Russia drops move to ban sacred Hindu text

MOSCOW: A Russian court has upheld a decision to permit the publication of a sacred Hindu text whose initial ban sparked protests in India and threatened to strain Moscow's close ties with New Delhi.

A district court in the Siberian city of Tomsk said in a statement it had decided "to leave unchanged" a December lower court ruling stating that the "Bhagavad Gita" did not contain extremist material.

Prosecutors had been trying to ban the text's translation for months because it contained a prologue by Swami Prabhupada -- founder of the Hare Krishna movement that has had repeated run-ins with the law in post-Soviet Russia.

"This is a completely just, reasonable and -- most importantly -- legitimate decision," the movement's court representative Alexander Shakhov was quoted as saying by the Vesti news channel.

Prosecutors had asked for the ban in June after running a check on Hare Krishna's activities in the Siberian region. The Russian general prosecutor's office had also conduction national checks on the movement in 2004 and 2005.

The case threatened to create an unexpected roadblock in the traditionally close relations between Moscow and New Delhi.

Indian Foreign Minister SM Krishna described the prosecutors' attempted ban as the work of "ignorant and misdirected or motivated individuals" that attacked a text defining the "very soul of our great civilisation".
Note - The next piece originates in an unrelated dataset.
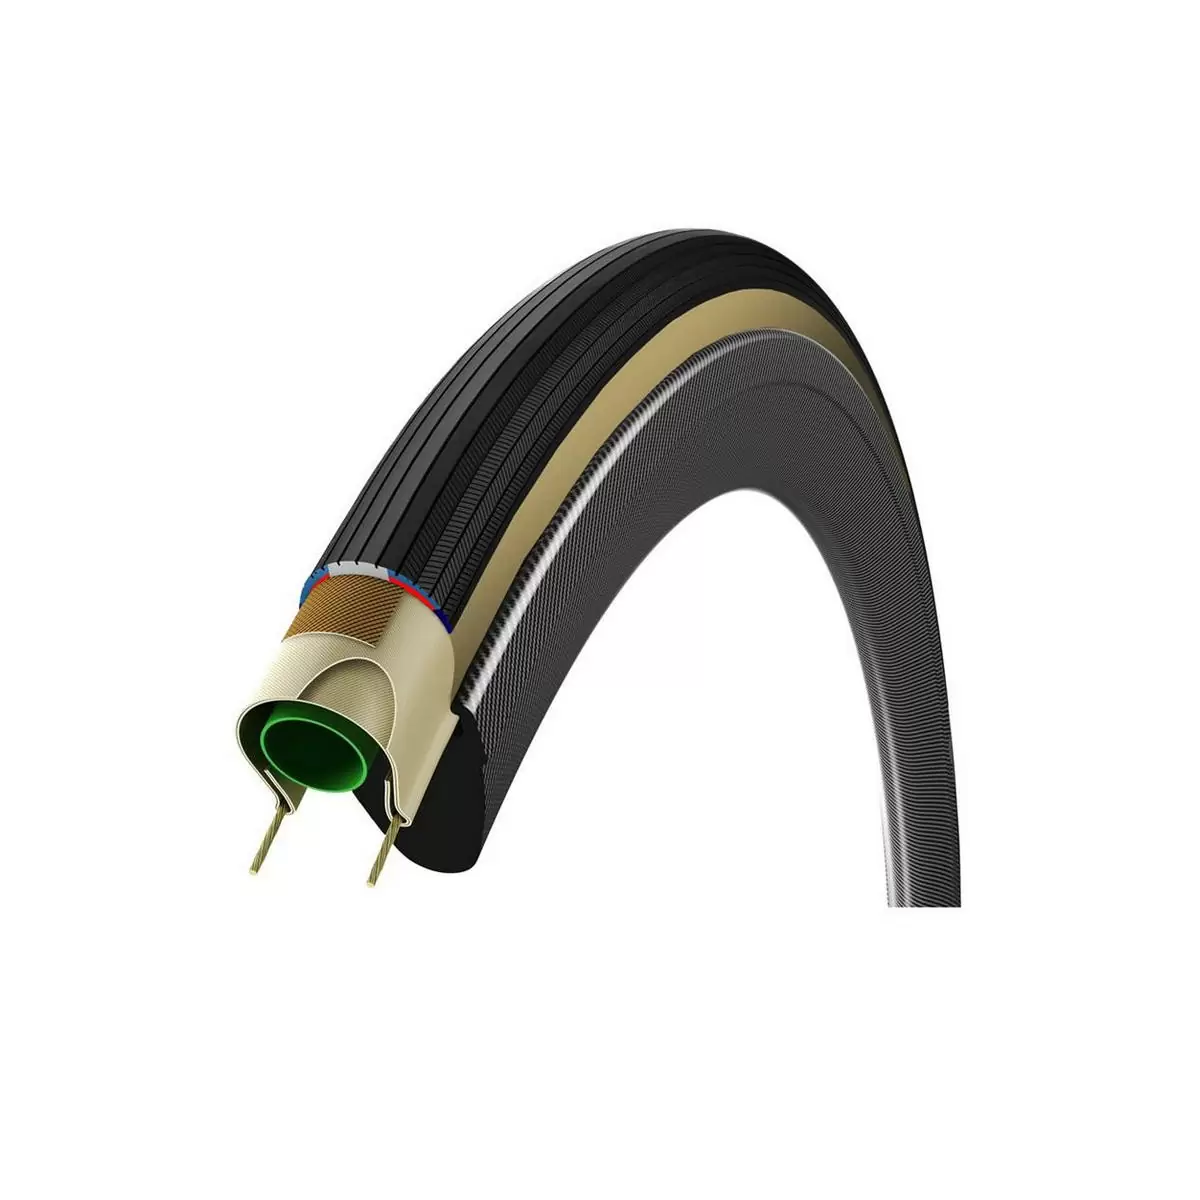 Tire Corsa Control G+ Graphene 700x28c Clincher Folding Black/Skinwall - image

Russia's foreign ministry had initially defended the ban by noting that it only referred to the disputed preface rather than the ancient text itself.

National prosecutors then mounted a furious campaign to outlaw the text in Russia amid fears that the Hare Krishna might threaten the Russian Orthodox Church's dominant sway in certain regions of the country.

The Russian prosecutor general's office released an assessment at the end of February concluding that the translation "had a very, very distant relation to the ancient text".

But a group of prominent Russian scientists and the official human rights ombudsman this week called on President Dmitry Medvedev to ensure the protection of religious freedoms and make a special note of the case.

A controversial 1997 law requires religious groups that have not been active in Russia for at least 15 years to register with the authorities and strictly limits foreign missionary work.